4/6/05
Contact: K.E. Schwab --
724-738-2199; e-mail: karl.schwab@sru.edu
FORENSIC ANTHROPOLOGIST, FOUNDER OF 'BODY
FARM' DR. BILL BASS TO LECTURE AT SRU
SLIPPERY
ROCK, Pa. - Forensic anthropologist, founder of the University of
Tennessee's "Body Farm" and among the best known forensic
scientists in the nation Dr. Bill Bass will detail how science
works to solve criminal investigations when he lectures at Slippery
Rock University April 26.
The
public session is set for 7 p.m. in Swope Music Hall. Bass will
also meet with SRU students at12:30 p.m. in the Spotts
World Cultures Building as part of his campus
visit.
His
lecture, titled "An Introduction to Forensic Anthropology," will
offer detailed information on how forensics helped play a key role
in solving hundreds of cases for the FBI and other law enforcement
agencies.

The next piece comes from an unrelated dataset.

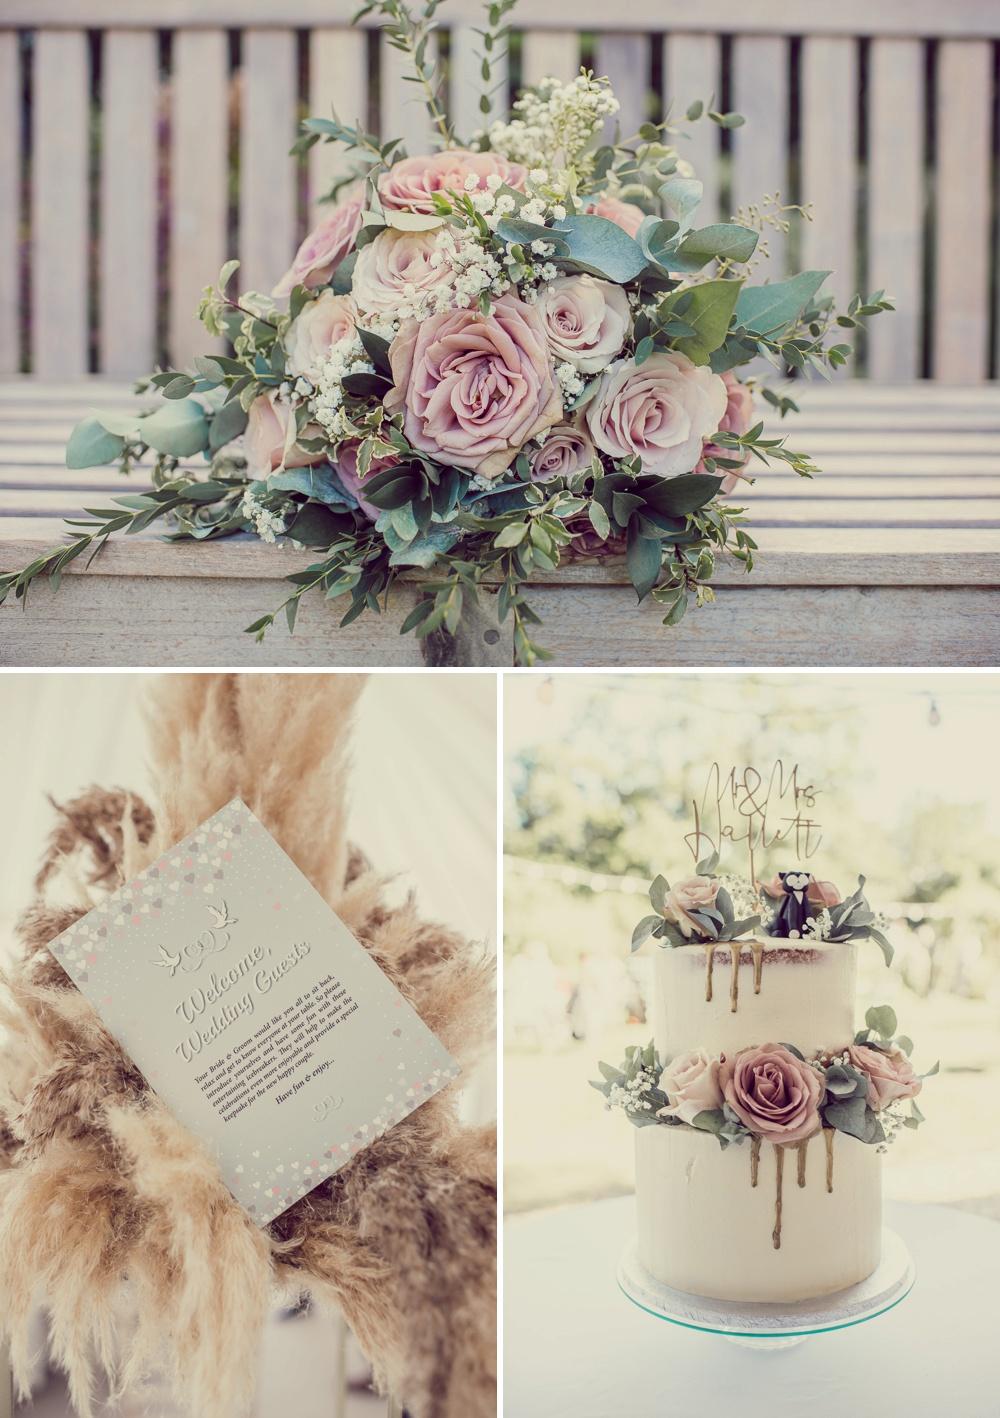 Deans Court Wedding cake

He will use the lecture to explain actual crime scenes he
has visited and how he uses forensics - and their
results.
Author of "Death's Acre:
Inside the Body Farm," Bass has also written and co-authored some
200 other scientific publications. (Details are available at:
www.deathsacre.com.)
"Body Farm" was taken
from police slang for the UT's three-acre Anthropology Research
Facility which Bass created in 1972 as an outdoor laboratory that
now serves as home to hundreds of skeletons enabling students and
professional forensic anthropologists to learn more about the
human-decomposition process. The facility is second only to the
Smithsonian Institution in the number of
skeletons.
By examining hundreds of
cases, forensic scientists, including Bass, say bodies speak the
"language of the dead" with various stages of decomposition
providing exact clues. Others note the "dead are silent helpers of
the living" for providing such clues.
In addition to his work
at the University of Tennessee, Bass, a professor emeritus, works
with medical examiners' offices worldwide and has identified nearly
1,000 remains of crime and accident victims.